NCT number NCT01866709
Other study ID # SPS-001
Secondary ID
Status Terminated
Phase Phase 4
First received May 28, 2013
Last updated August 29, 2014
Start date May 2013
Est. completion date August 2013

Study information

Verified date August 2014
Source ZS Pharma, Inc.
Contact n/a
Is FDA regulated No
Health authority United States: Food and Drug Administration
Study type Interventional

Clinical Trial Summary

It is hypothesized that SPS is more effective than placebo control (alternative hypothesis) in lowering i-STAT potassium levels in subjects with i-STAT potassium levels between 5.0 - 6.5 mmol/l versus no difference between SPS and placebo control (null hypothesis).


Description:

Subjects with mild to moderate hyperkalemia (i-STAT potassium levels between 5.0-6.5 mmol/l, inclusive) will be randomized 1:1 in a double-blind fashion to receive placebo or SPS (15g), administered tid with meals for 48 hours. Subjects will come back to the clinic on Study Day 9 for an End of Study (EOS) visit. Adverse experiences will be recorded.

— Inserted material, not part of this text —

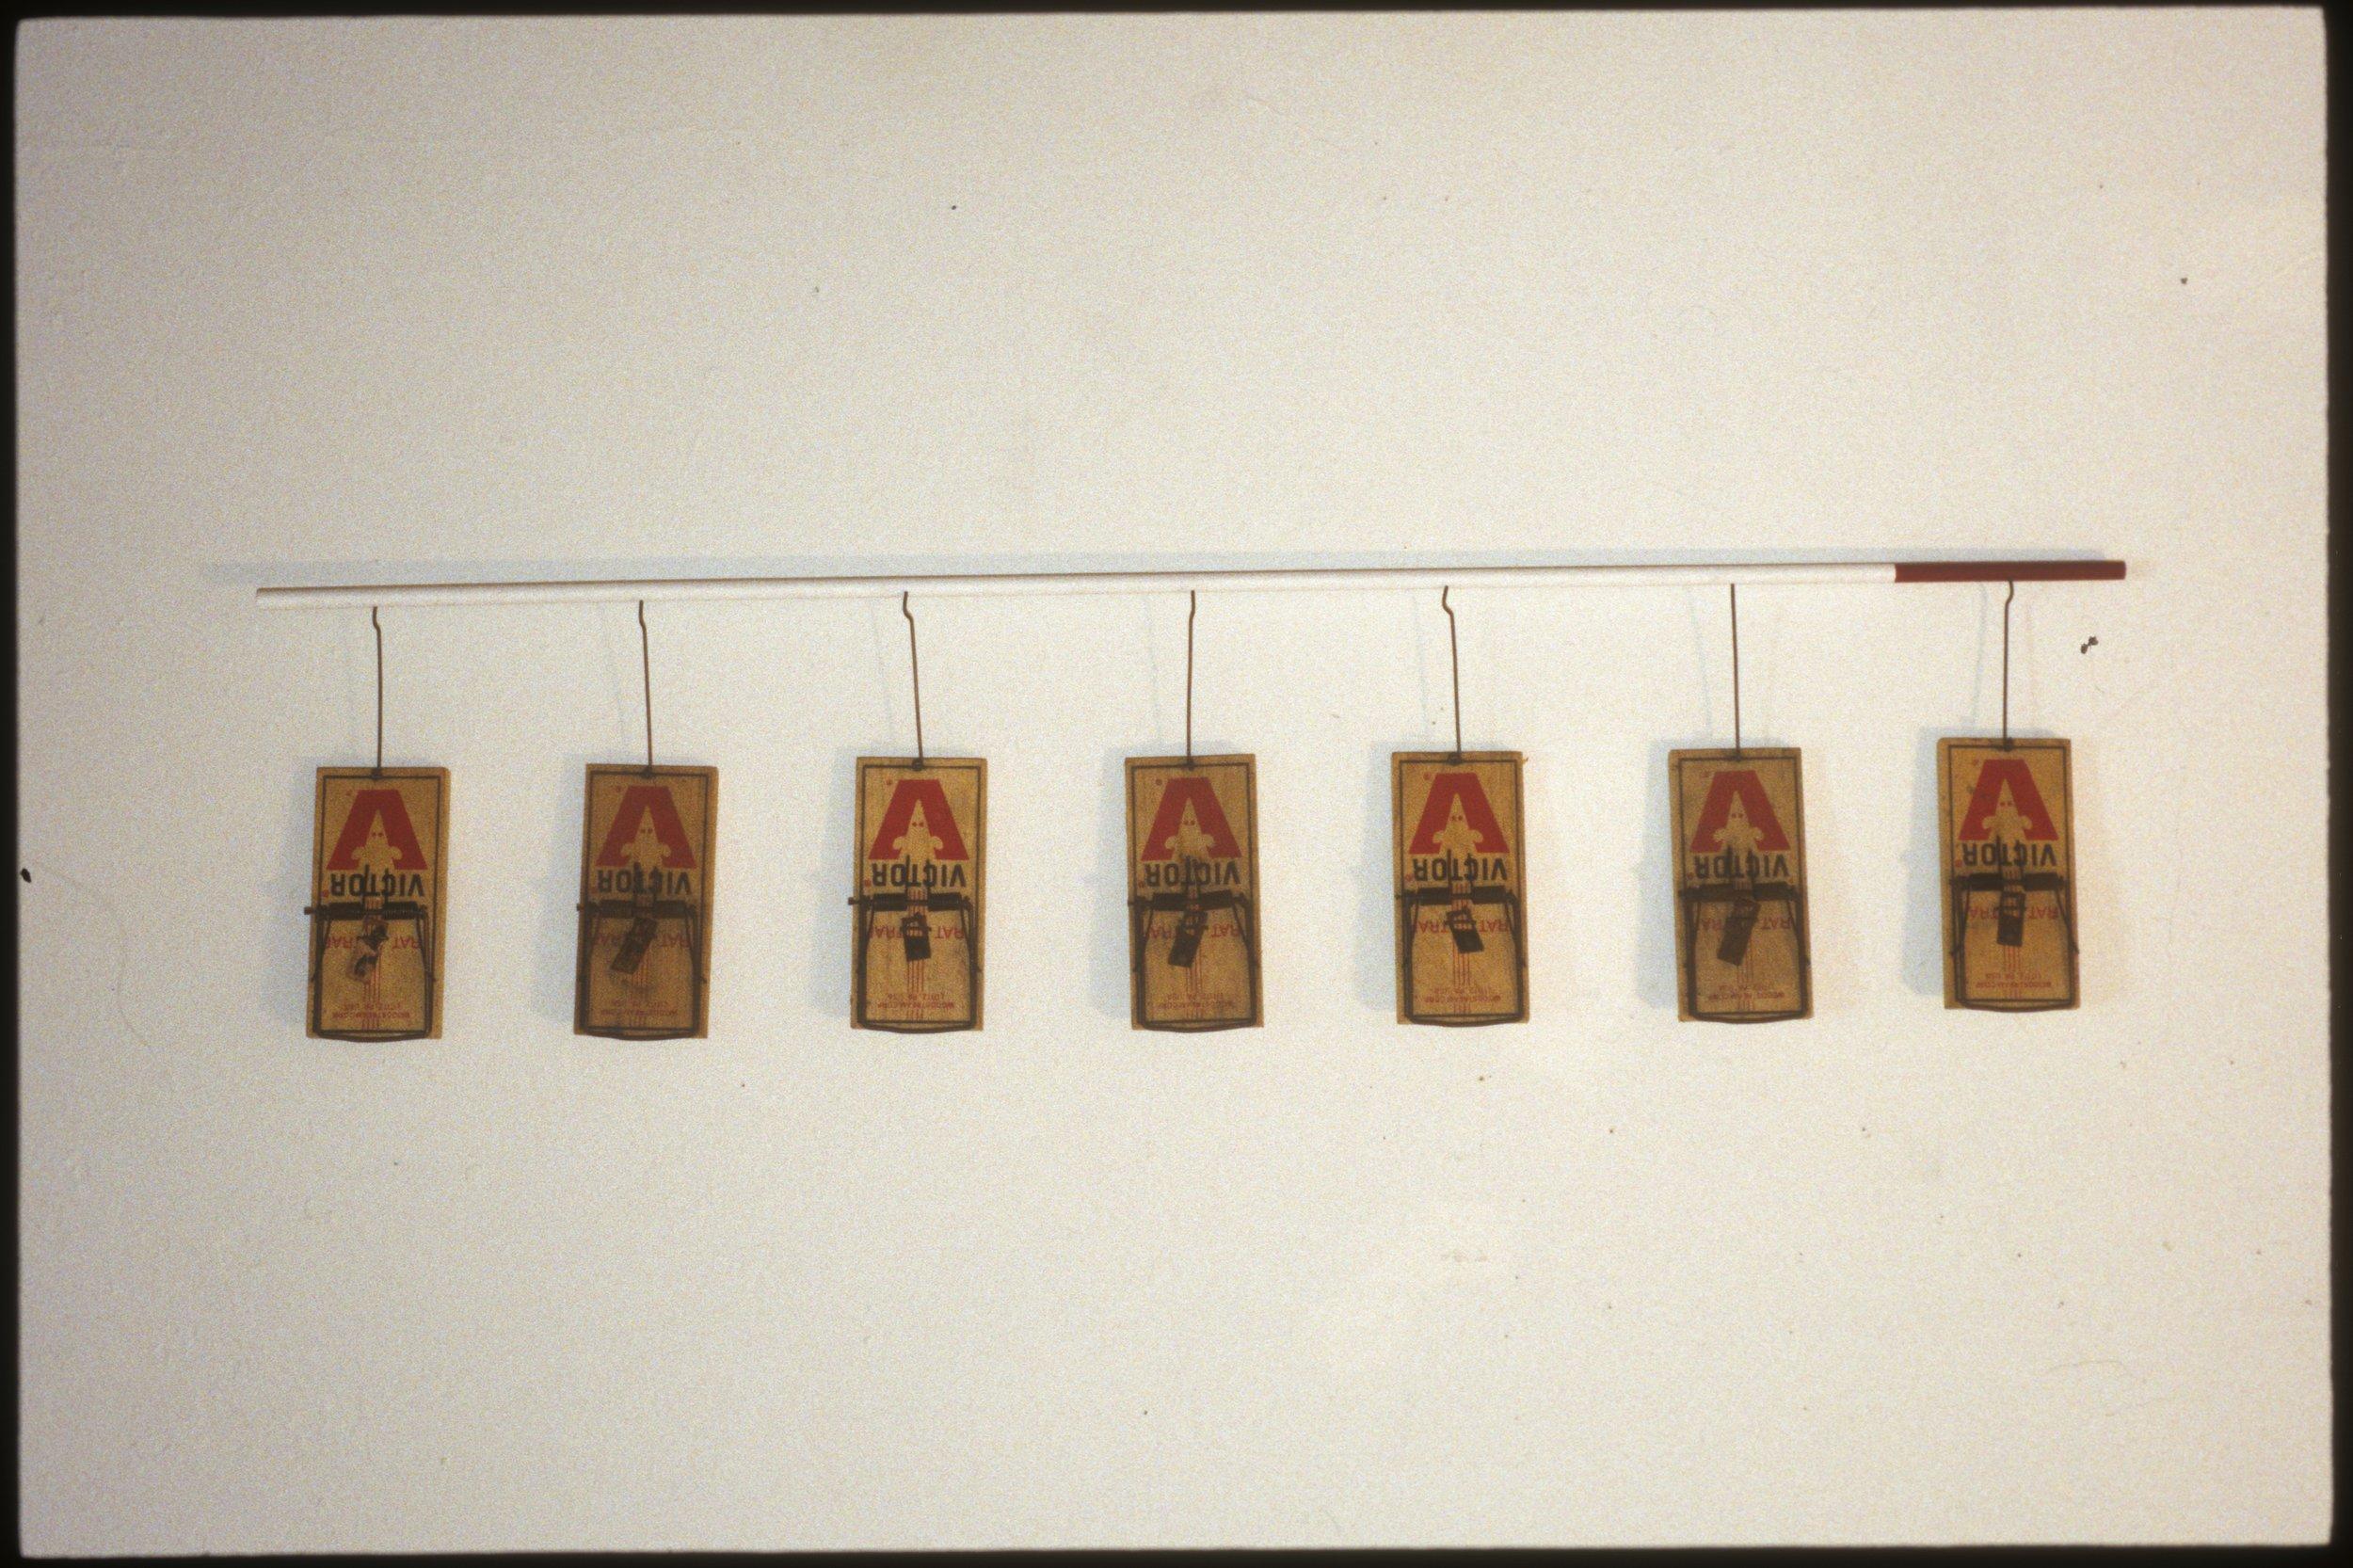 Untitled Cane, 1989

Blood potassium levels will be evaluated by both i-STAT and the Local Laboratory prior to the first dose on Study Days 1 and 2, 1, 2, and 4 hours after the first dose on Study Day 1, 1 and 4 hours after the first dose on Study Day 2 and prior to breakfast on Study Day 3, after 48 hours of treatment.

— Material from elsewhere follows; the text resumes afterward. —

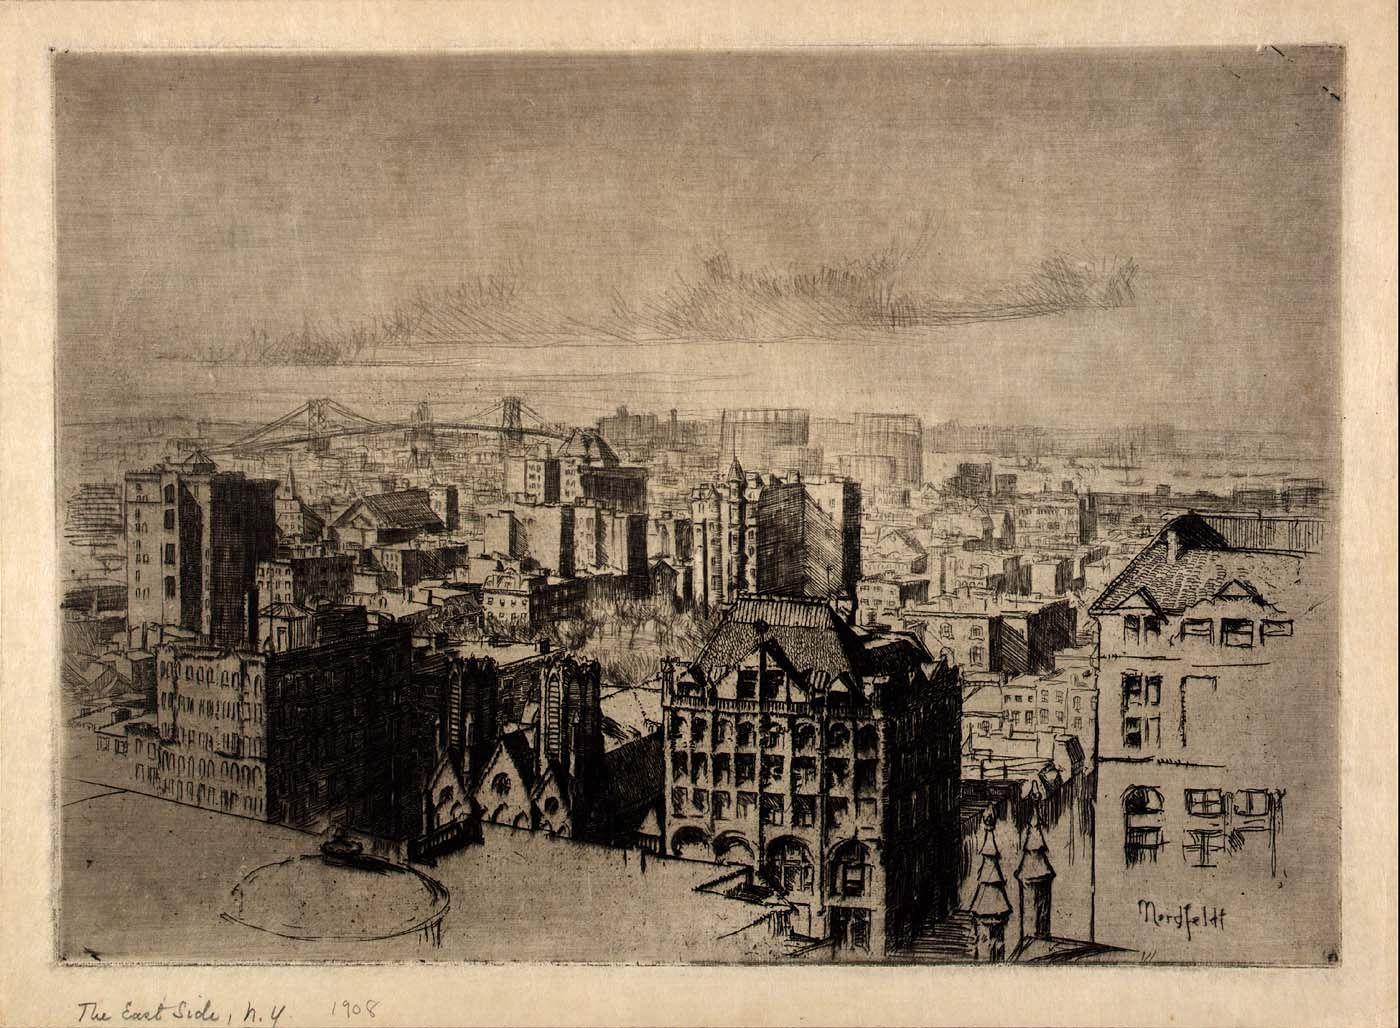 The East Side, 1908, B. J. O. Nordfeldt - Smithsonian American Art Museum

Subjects who have i-STAT potassium levels > 6.5 mmol/l on Study Day 1 at the 4 hour post Dose 1 time point will be withdrawn from the study and will receive standard of care. If the i-STAT potassium value is between 6.1 and 6.5 mmol/l at the 4-hour post Dose 1 draw, subjects will be kept in the clinic for another 90 minutes post Dose 2 and another blood draw will be taken and an ECG will be performed. If the i-STAT potassium level is ≥ 6.2 mmol/l at this time point, the subject will be discontinued from the study and standard of care will be instituted. If the i-STAT potassium level is < 6.2 mmol/l, and the ECG does not show any of the ECG withdrawal criteria (see below), the subject will continue in the study.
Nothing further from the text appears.